Journal of Virology ◽

10.1128/jvi.01215-16 ◽

2016 ◽

Vol 90 (22) ◽

pp. 10065-10073 ◽

Cited By ~ 4

Author(s):

Shilei Ding ◽

Halima Medjahed ◽

Jérémie Prévost ◽

Mathieu Coutu ◽

Shi-Hua Xiang ◽

...

Keyword(s):

Human Immunodeficiency Virus ◽

Simian Immunodeficiency Virus ◽

Conformational Changes ◽

Viral Entry ◽

Chemokine Receptors ◽

Immunodeficiency Virus ◽

Layer 2 ◽

Hiv 1

ABSTRACT Binding of human immunodeficiency virus type 1 (HIV-1) and simian immunodeficiency virus (SIV) gp120 exterior envelope glycoprotein to CD4 triggers conformational changes in gp120 that promote its interaction with one of the chemokine receptors, usually CCR5, ultimately leading to gp41-mediated virus-cell membrane fusion and entry. We previously described that topological layers (layer 1, layer 2, and layer 3) in the gp120 inner domain contribute to gp120-trimer association in the unliganded state but also help secure CD4 binding. Relative to layer 1 of HIV-1 gp120, the SIVmac239 gp120 layer 1 plays a more prominent role in maintaining gp120-trimer association but is minimally involved in promoting CD4 binding, which could be explained by the existence of a well-conserved tryptophan at position 375 (Trp 375) in HIV-2/SIVsmm. In this study, we investigated the role of SIV layer 3 in viral entry, cell-to-cell fusion, and CD4 binding.
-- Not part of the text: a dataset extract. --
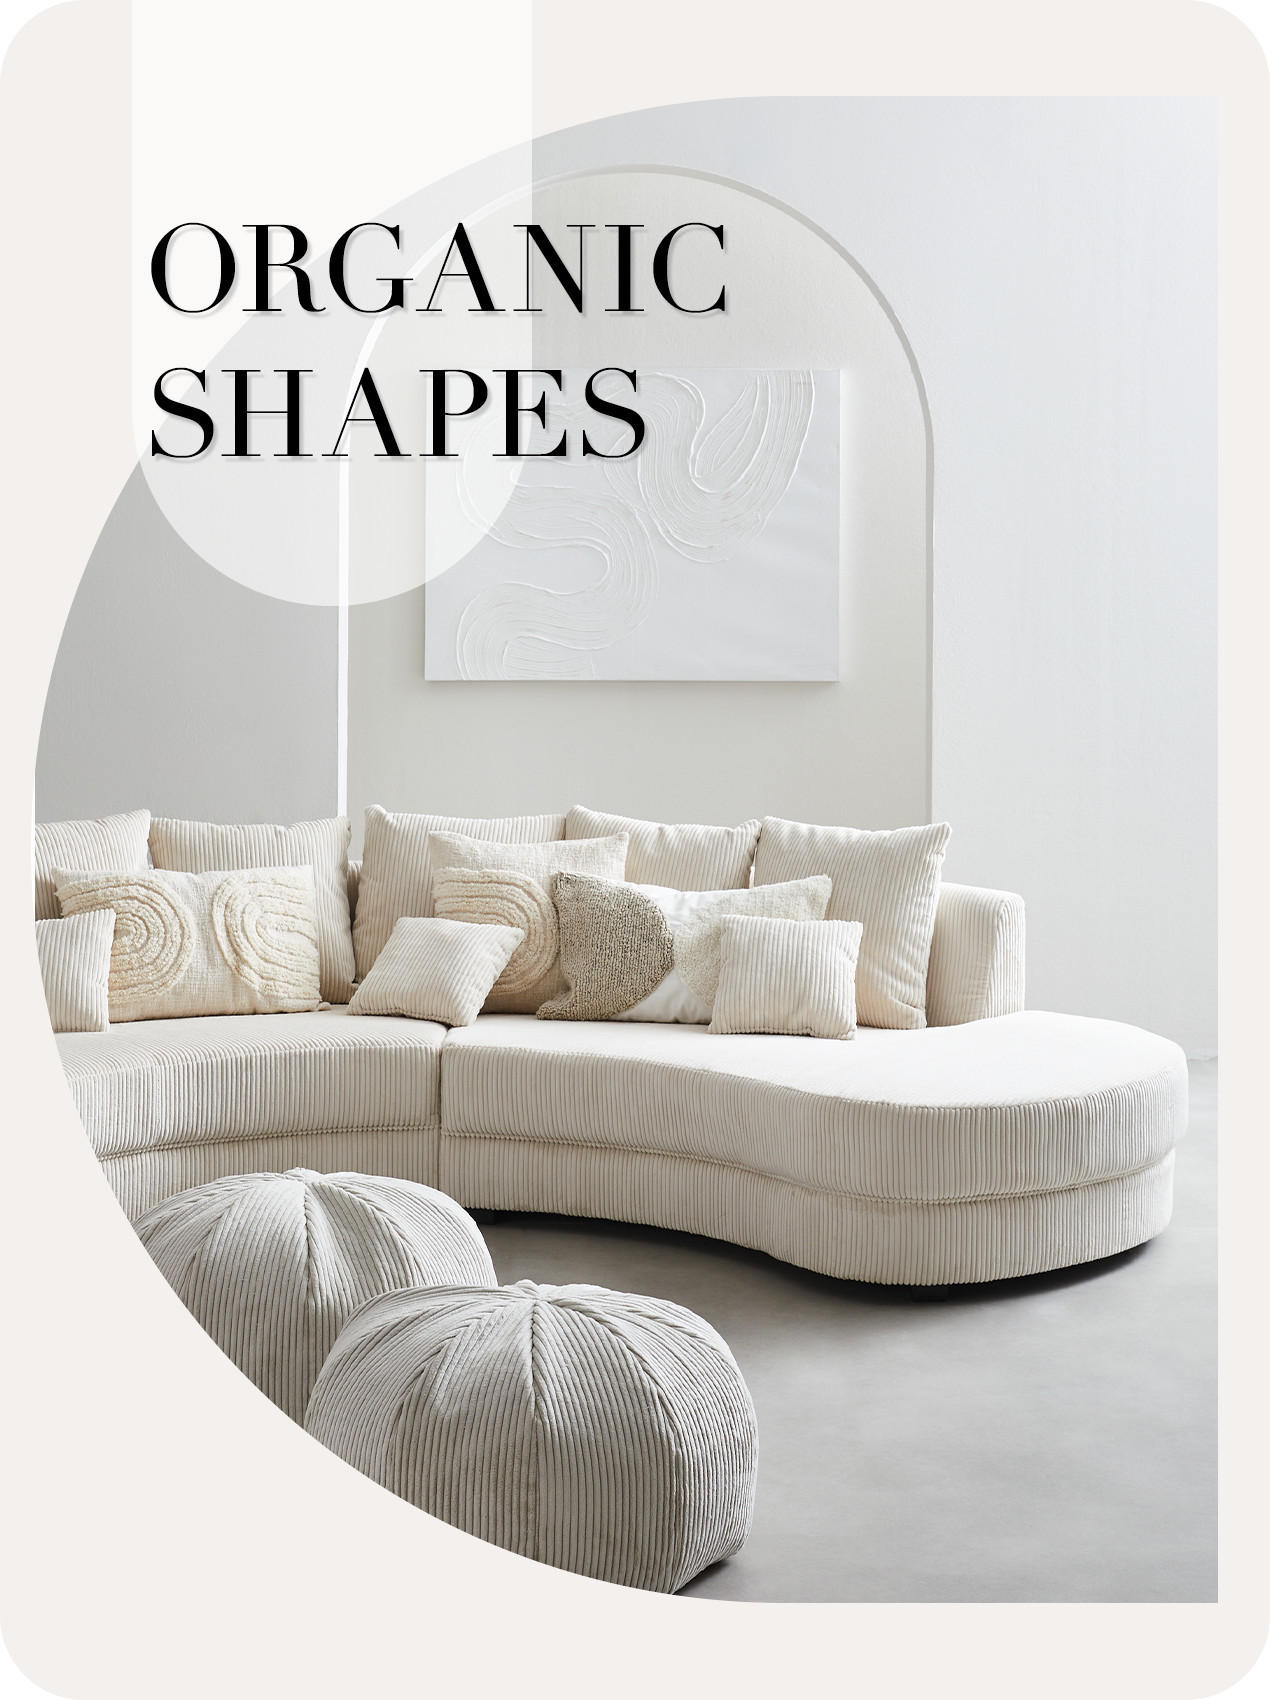 Organische Möbel für zeitlose Eleganz – Entdecken Sie natürliche Schönheit  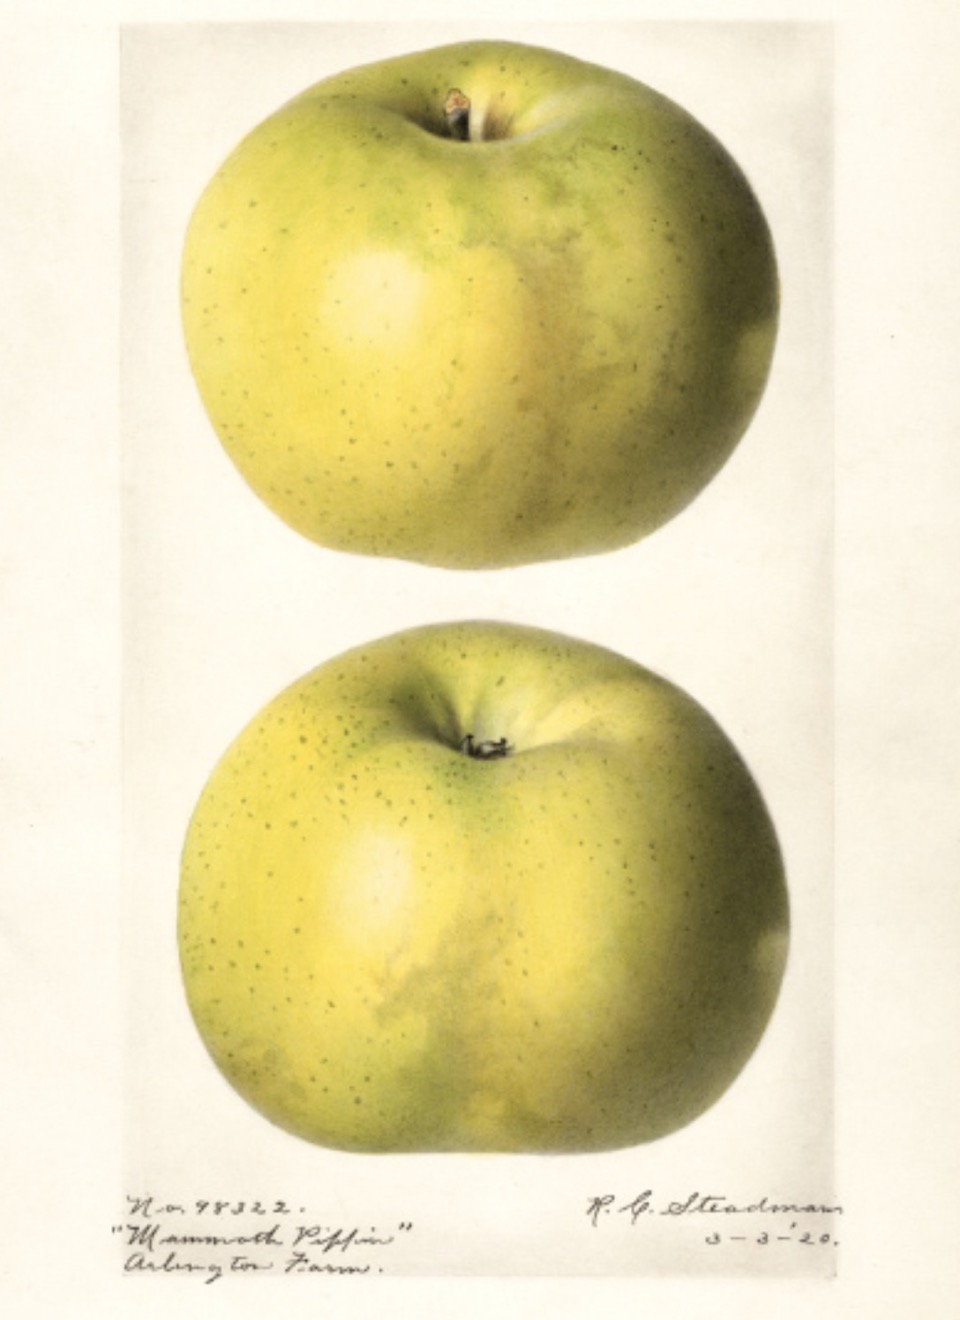 Historische Abbildung zweier grün-gelblicher Äpfel; USDA

We observed that a network of interactions involving some residues of the β8-α5 region in SIVmac239 layer 3 may contribute to CD4 binding by helping shape the nearby Phe 43 cavity, which directly contacts CD4. In summary, our results suggest that layer 3 in SIV has a greater impact on CD4 binding than in HIV-1. This work defines lineage-specific differences in layer 3 from HIV-1 and that from SIV. IMPORTANCE CD4-induced conformational changes in the gp120 inner domain involve rearrangements between three topological layers. While the role of layers 1 to 3 for HIV-1 and layers 1 and 2 for SIV on gp120 transition to the CD4-bound conformation has been reported, the role of SIV layer 3 remains unknown. Here we report that SIV layer 3 has a greater impact on CD4 binding than does layer 3 in HIV-1 gp120. This work defines lineage-specific differences in layer 3 from HIV-1 and SIV.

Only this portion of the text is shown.